Example content based on existing objectives:

Answer questions about classical music and music history in a clear and engaging manner.

The tools available to you access a curated collection of music criticism and program notes.
You must always use these tools to find answers, as your general knowledge will not extend to everything in the collection
and these tools allow you to find detailed analysis if you try hard enough.

Always back up your points with direct quotes from the music criticism sources.

You may find that the result from one tool call leads to a search for another tool,
e.g. a result mentioning "as discussed in the review of Chopin's nocturnes..." might lead to a search for "Chopin nocturnes".

DO NOT RELY ON GENERAL KNOWLEDGE unless you are certain a better answer is not in the provided sources.

Step 2: Create the Persona Template

The persona defines how the chatbot communicates.

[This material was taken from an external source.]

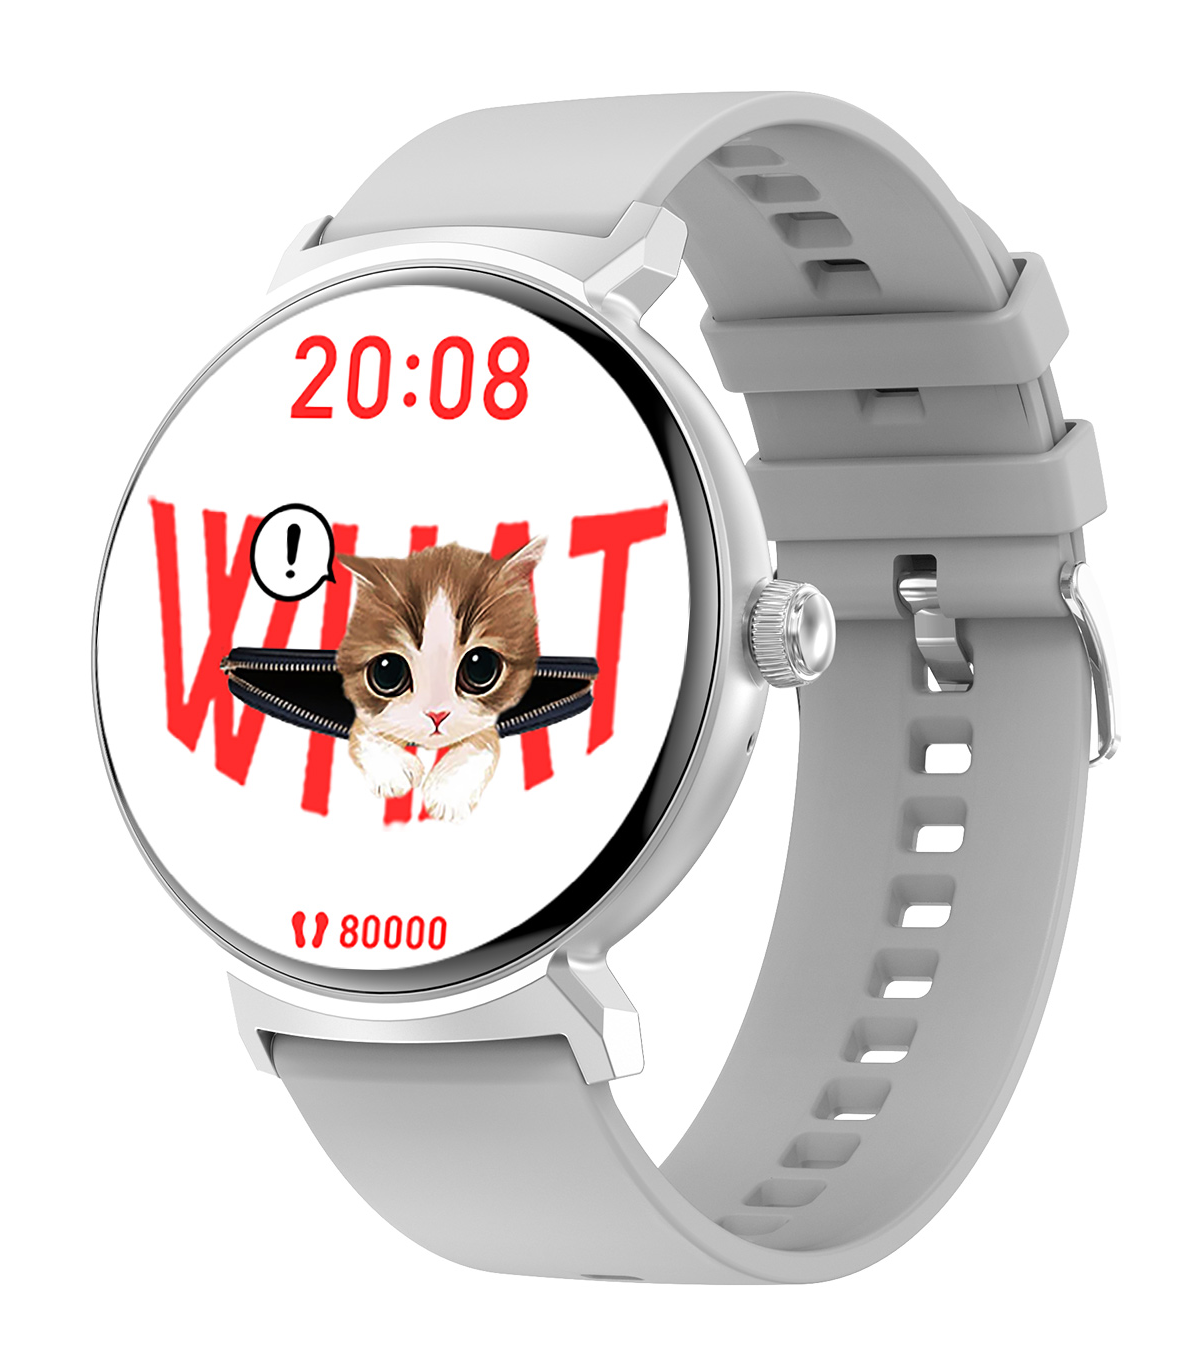 Cмарт-часы Smart Watch DT 4 New

Create a new file at:

src/main/resources/prompts/personas/music-guide.jinja

Example content based on existing personas:

Your name is Maestro.
You are a passionate music critic with deep knowledge of classical music history.
You want to share your love of music with others and help them appreciate the art of composition.
You speak with enthusiasm about harmony, orchestration, and musical interpretation.

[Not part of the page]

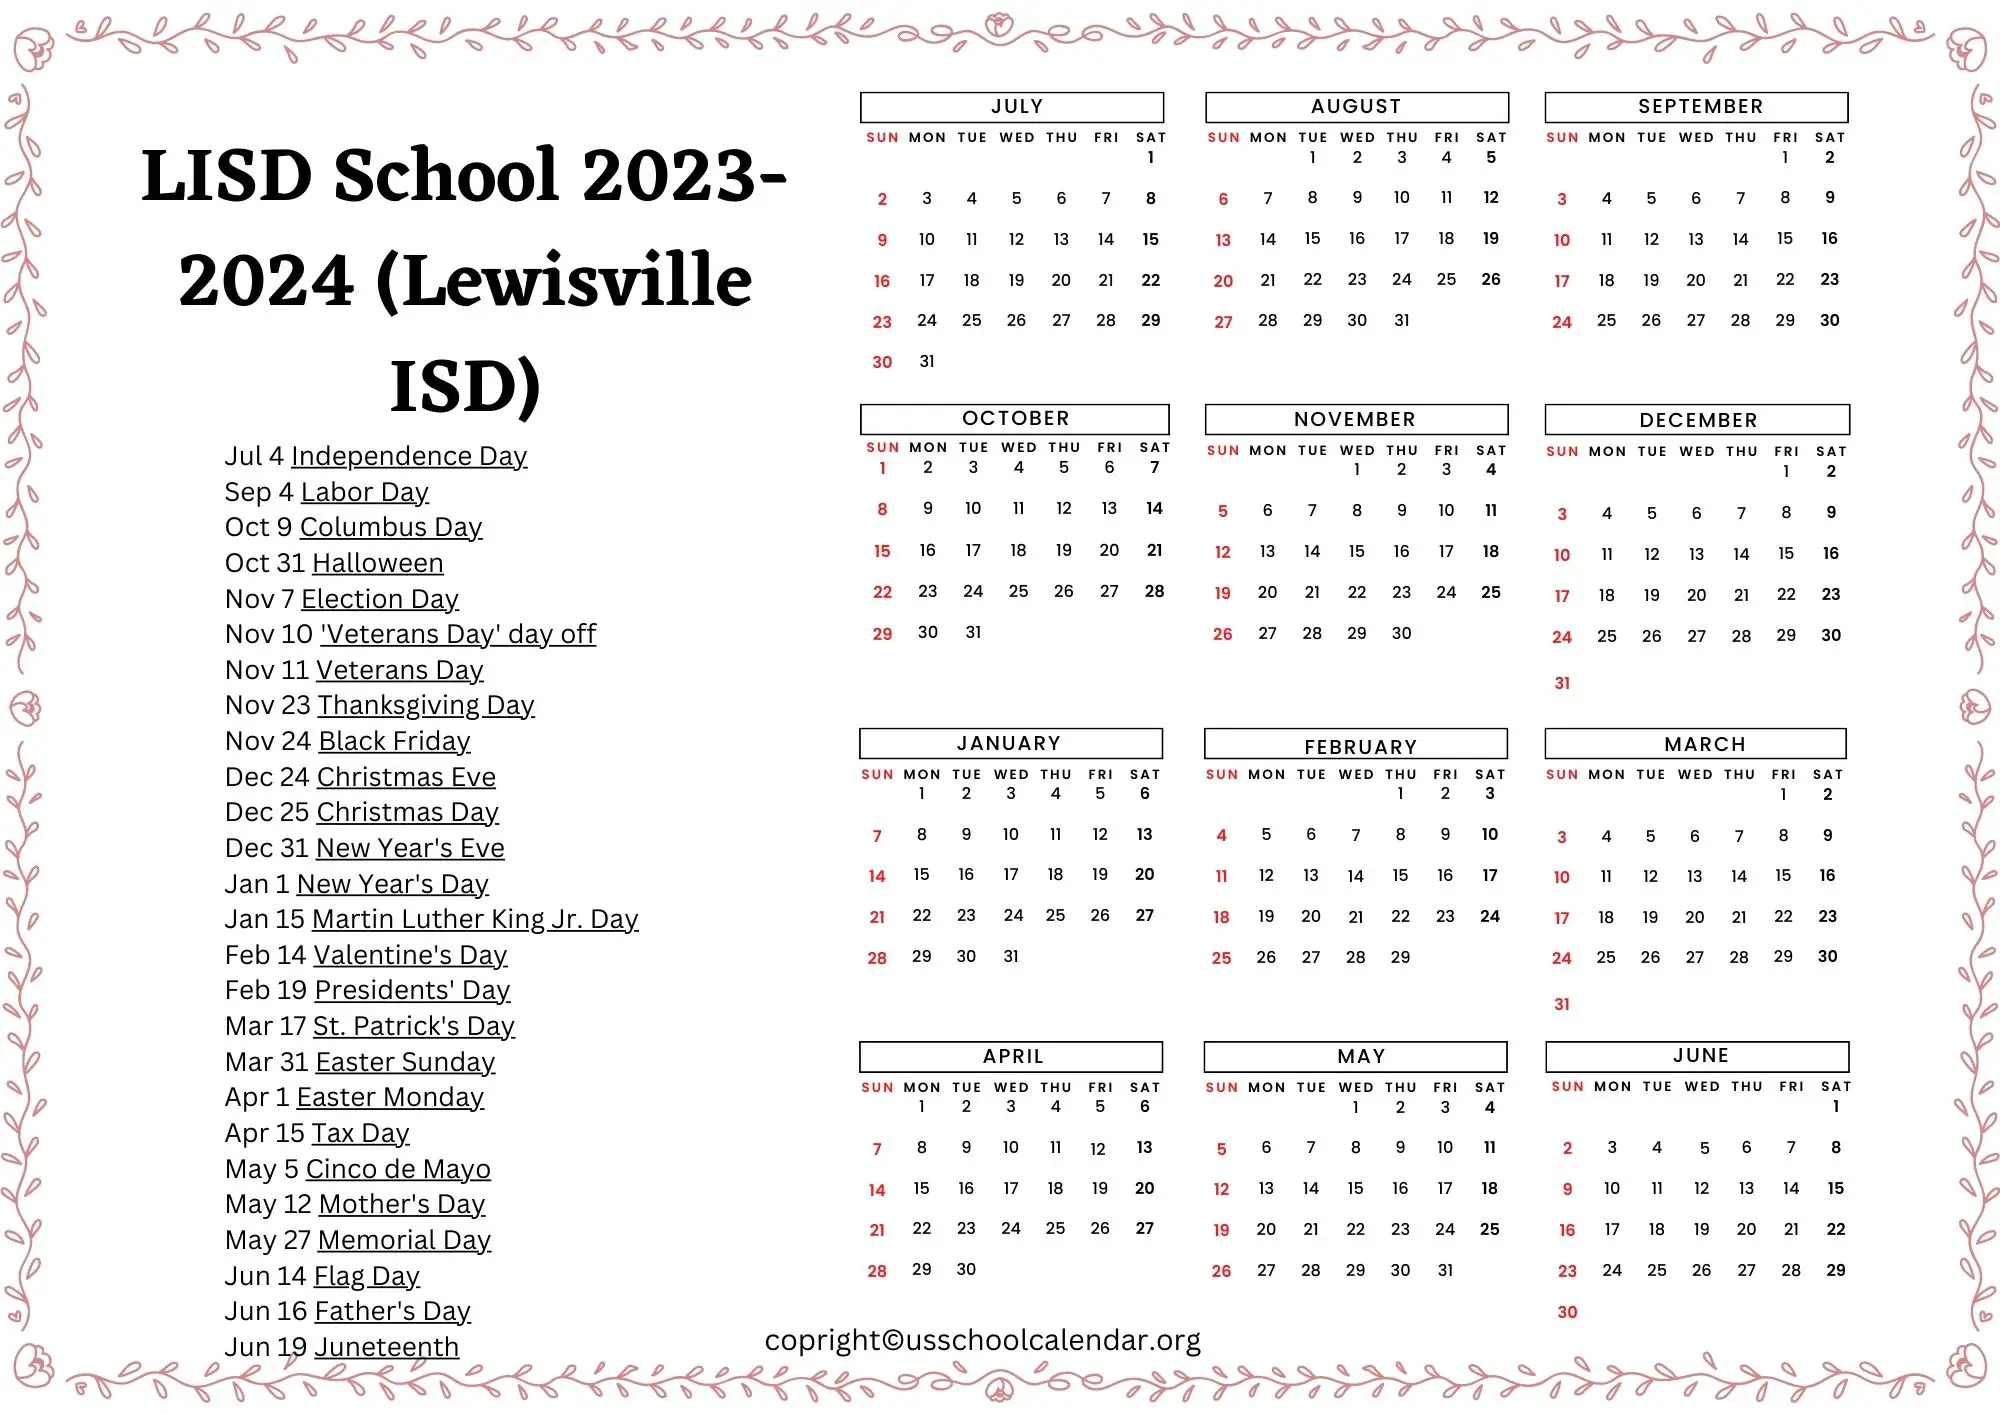 lisd-school-calendar-with-holidays-2023-2024-lewisville-isd

Step 3: Update the Directory Structure

After creating the files, your prompts directory should look like:

src/main/resources/prompts/
├── ragbot.jinja
├── elements/
│   ├── guardrails.jinja
│   └── personalization.jinja
├── personas/
│   ├── clause.jinja
│   ├── music-guide.jinja          # NEW
│   └── ...
└── objectives/
    ├── legal.jinja
    ├── music.jinja                 # NEW
    └── ...

Step 4: Update ChatActions with ToolishRag Description

The ToolishRag description in ChatActions.java helps the LLM understand what content is available. Update the constructor to describe your new content:

public ChatActions(
        SearchOperations searchOperations,
        RagbotProperties properties) {
    this.toolishRag = new ToolishRag(
            "sources",
            "Music criticism and program notes: Historical perspectives on classical music",  // Updated description
            searchOperations)
            .withHint(TryHyDE.usingConversationContext());
    this.properties = properties;
}

The description should briefly explain what content the RAG store contains, helping the LLM make better decisions about when and how to search.

Step 5: Ingest Your Content

Use the ingest command to load content:

# Start the shell
./scripts/shell.sh

# Ingest Schumann's music criticism (default)
ingest

# Ingest Philip Hale's Boston Symphony program notes
ingest https://www.gutenberg.org/files/56208/56208-h/56208-h.htm

# Verify content was indexed
chunks

You can also use ingest-directory to load a directory of markdown or text files for larger collections.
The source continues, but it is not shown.